I agree with you Dave. The standards were lowered so less qualified borrowers could qualify for a home loan. This created more demand pushing prices higher and higher. Low rates and lower standards lured anyone with a pulse to buy a house or two. When the less qualified borrowers couldn’t keep up with the payments, supply was greater then demand and the bubble burst. We have our senators and congress people to blame for starting it all.
Reply to John
You are right. It is just the tip of the iceberg. These investigations are so labor intensive – chasing the paperwork trail. Some of the indictments we are beginning to see now and will see in the future are the result of investigations that started months and even years ago.
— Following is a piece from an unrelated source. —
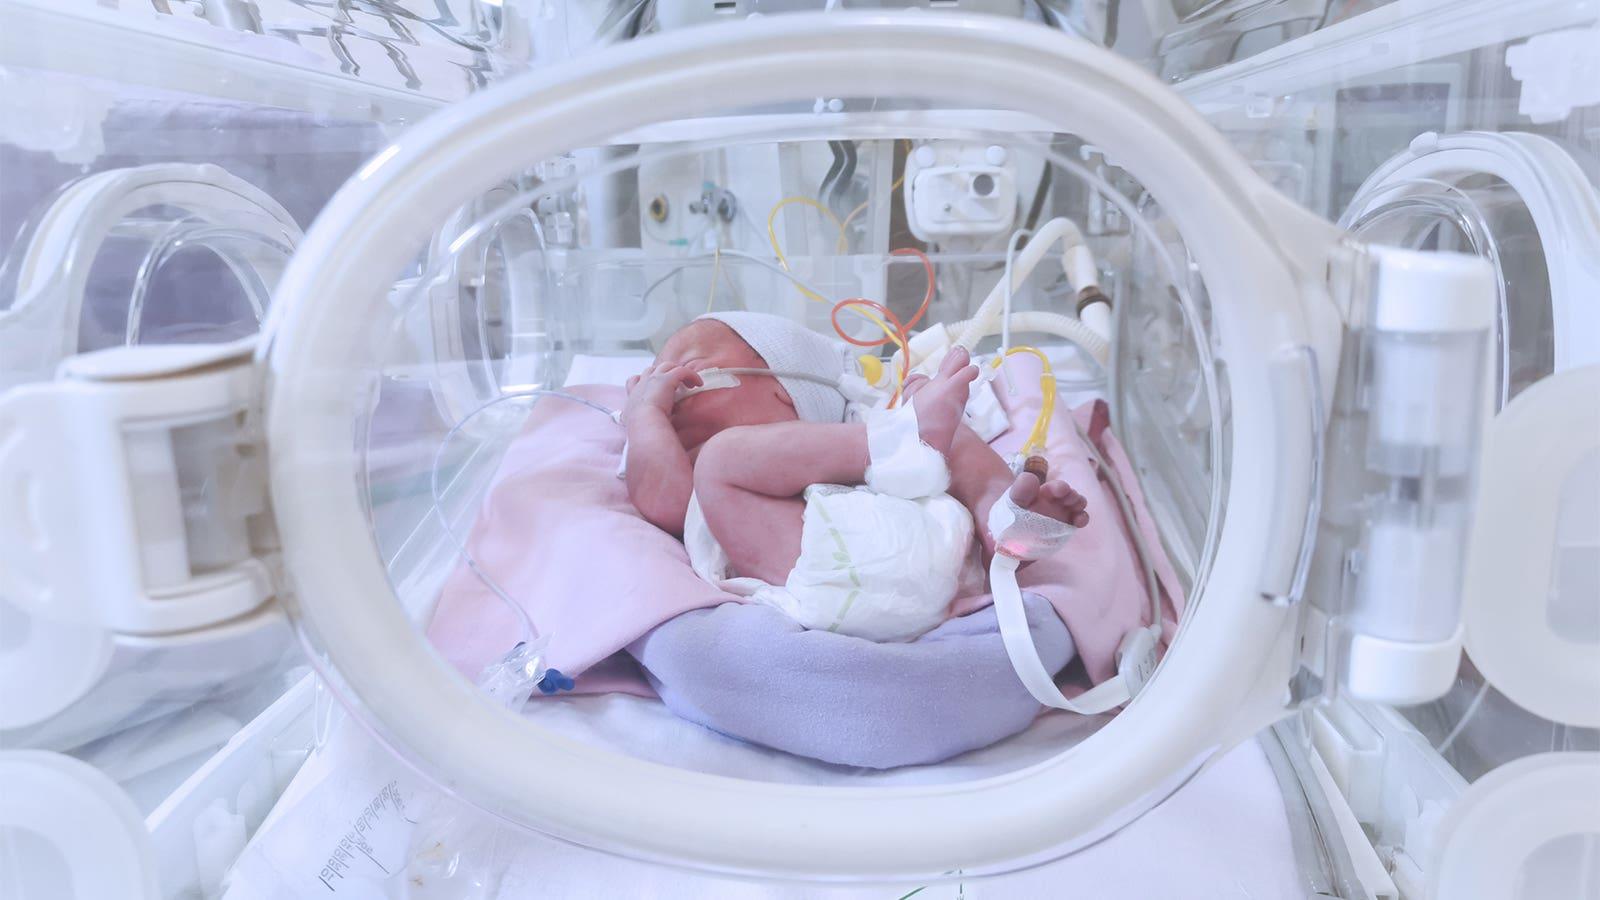 A preterm infant in an incubator in the neonatal ICU.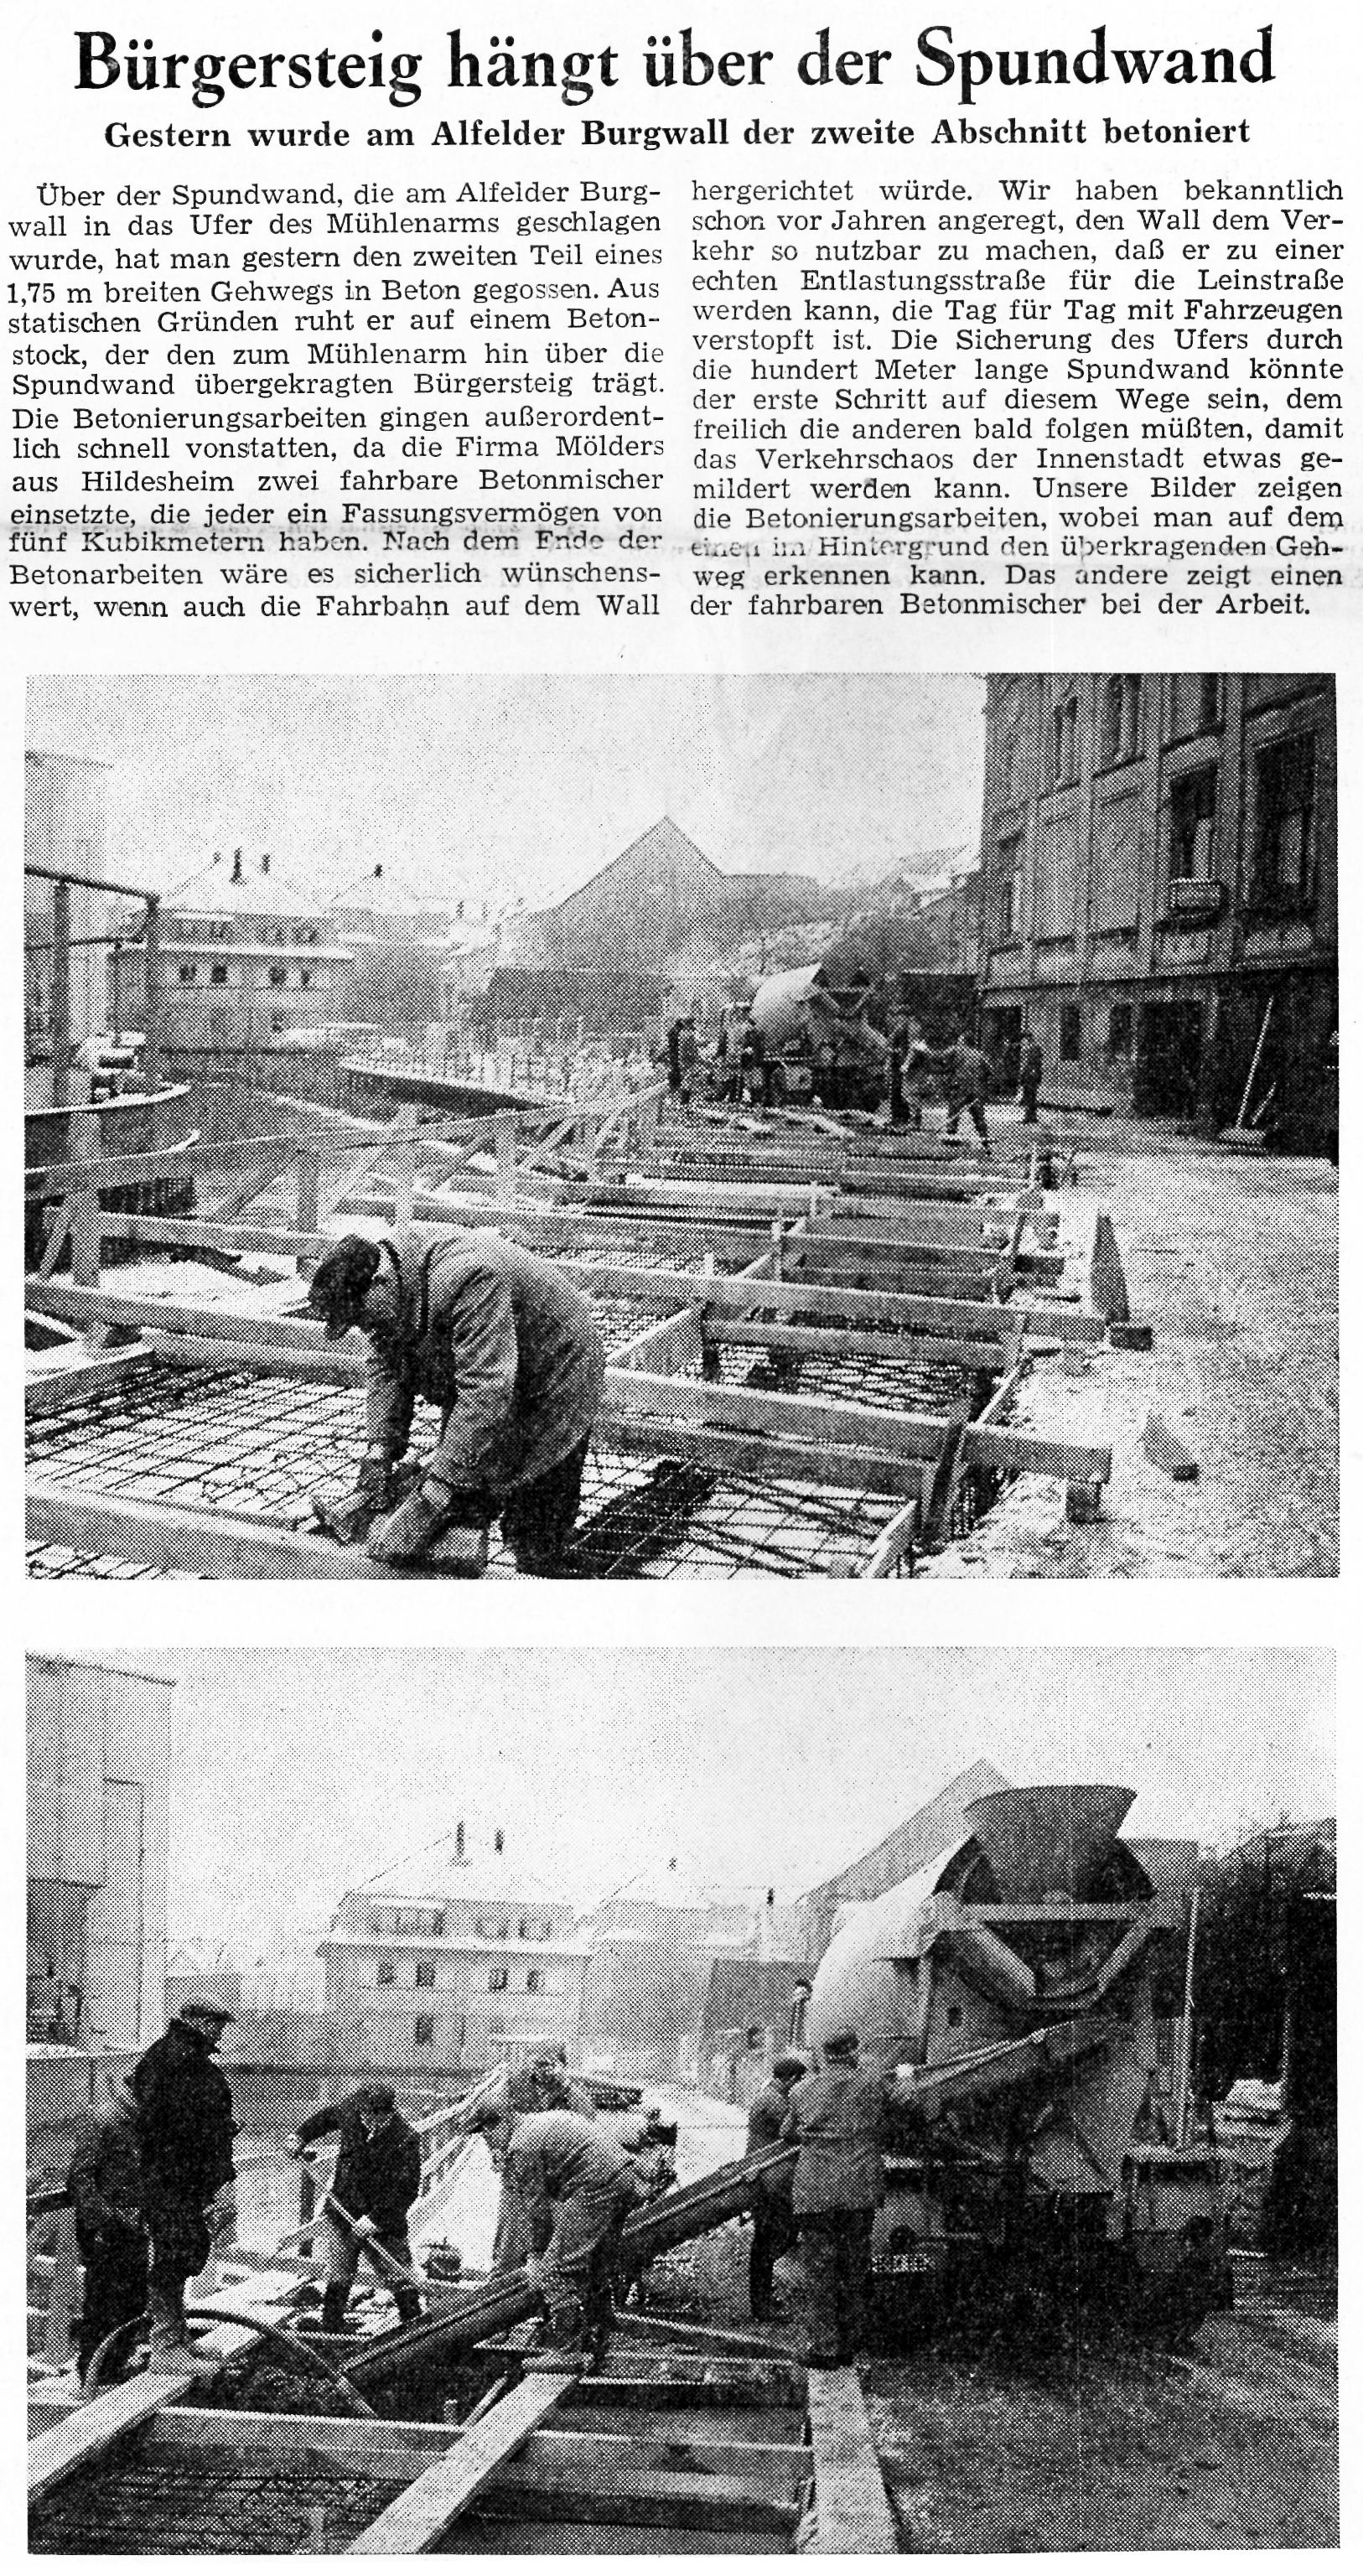 AZ vom 29.01.1965-Perkwall-Bau Bürgersteig Spundwand

They will never catch more than a small percentage.
Reply to John
An associate and I are launching a new website soon to shed light on fraud. We hope we can help assemble the data necessary for a successful investigation. We urge those with information to contact us. Watch for the new website. It will be announced in GoToby.com.
Reply to Barb
Yes, it will be looking at fraud anywhere along the transaction path from real estate sales agents and brokers, to appraisers, loan originators, title companies, and lenders.
Reply to Barb
Yes, we will be looking at fraud everywhere along the transaction path from real estate sales agents and brokers, to appraisers, loan originators, title companies, and lenders.